## [Work instructions]
A faithful copy of the listing below is needed, one that contains no pictures.
==== Exercise data ====
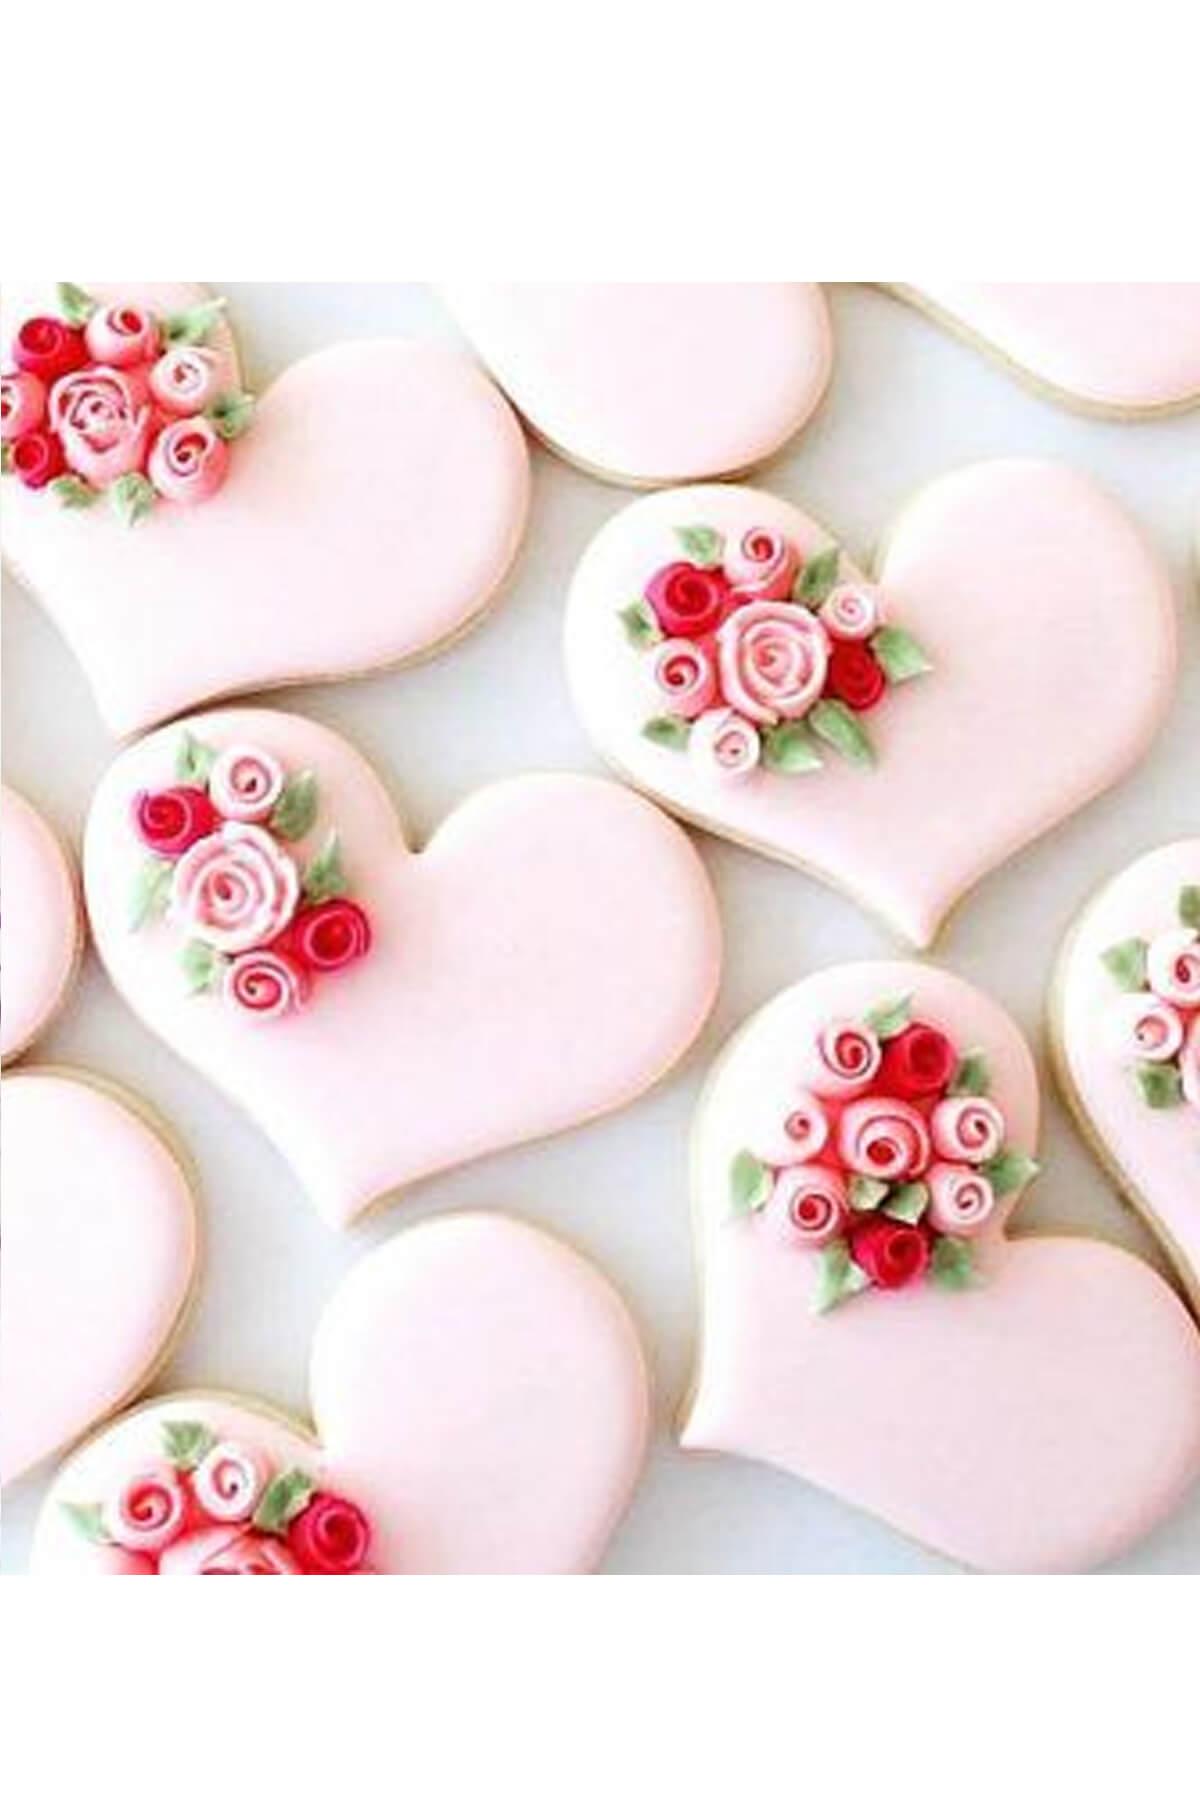 Bánh cookie hình trái tim ngọt ngào và lãng mạn cho cô ấy
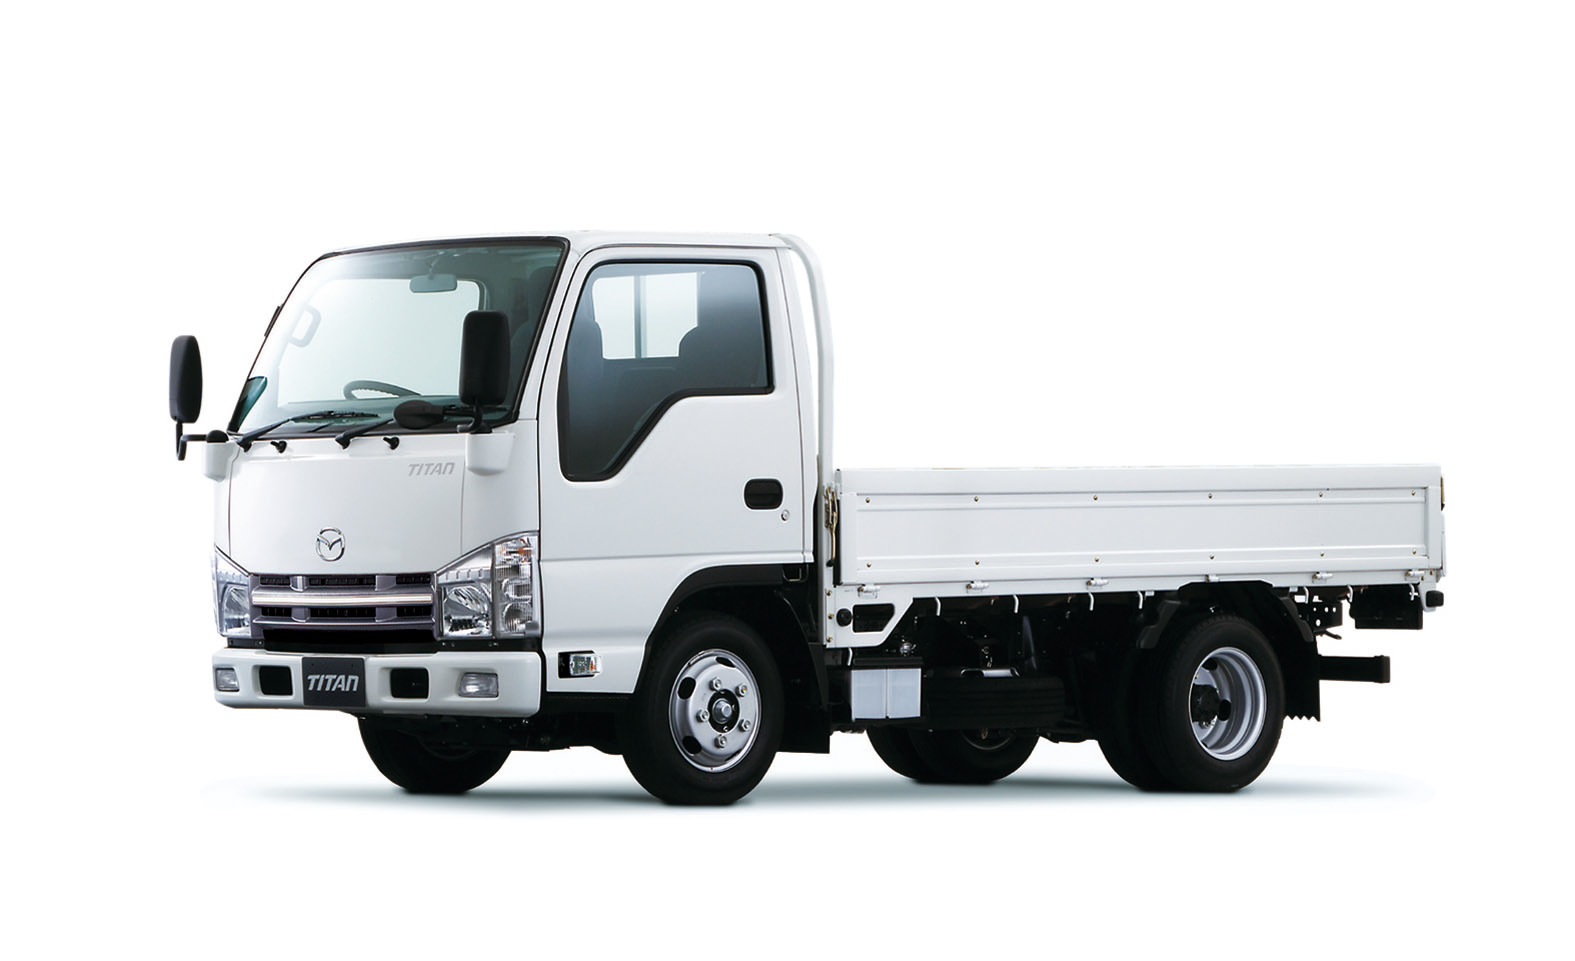 Mazda Titan Truck Facelifted Autoevolution
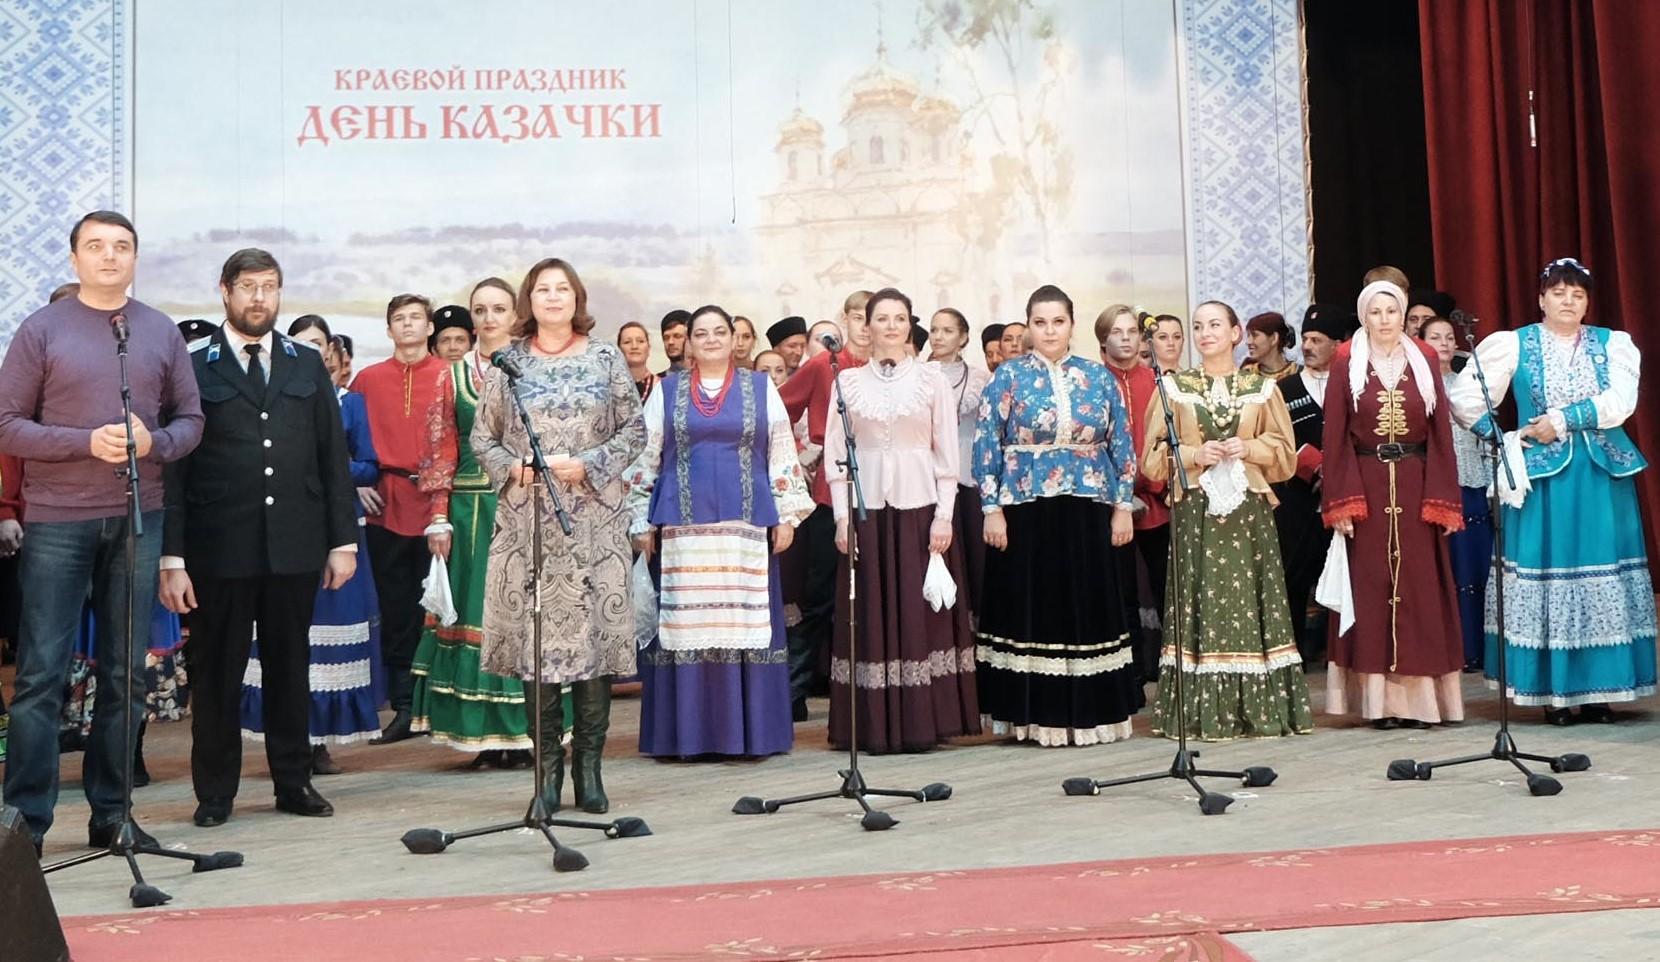 Традиционный праздник «День казачки» прошел на Ставрополье
====
## [Task response]
 Bánh cookie hình trái tim ngọt ngào và lãng mạn cho cô ấy
 Mazda Titan Truck Facelifted Autoevolution
 Традиционный праздник «День казачки» прошел на Ставрополье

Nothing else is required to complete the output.